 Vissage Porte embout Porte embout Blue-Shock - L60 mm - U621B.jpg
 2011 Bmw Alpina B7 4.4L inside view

---

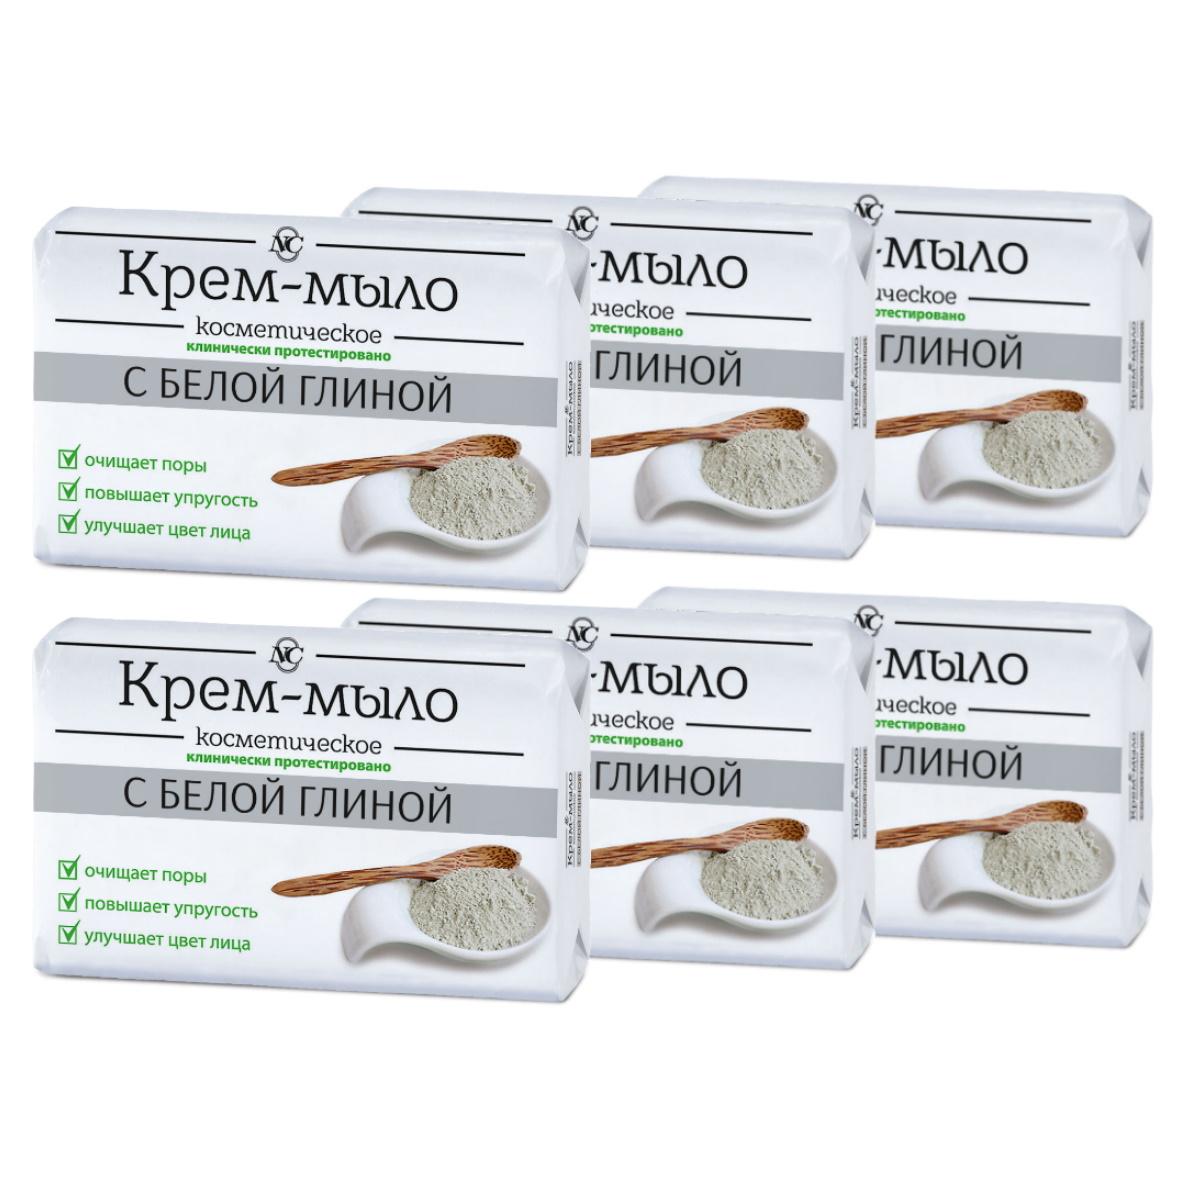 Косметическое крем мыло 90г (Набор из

→ **Your goal**: Among the records above, repeat exactly the line with "Vissage Porte embout", the line with "2011 Bmw Alpina B7 4.4L inside view", and every line in between, and only those.

→ **Result of the exercise**:
 Vissage Porte embout Porte embout Blue-Shock - L60 mm - U621B.jpg
 2011 Bmw Alpina B7 4.4L inside view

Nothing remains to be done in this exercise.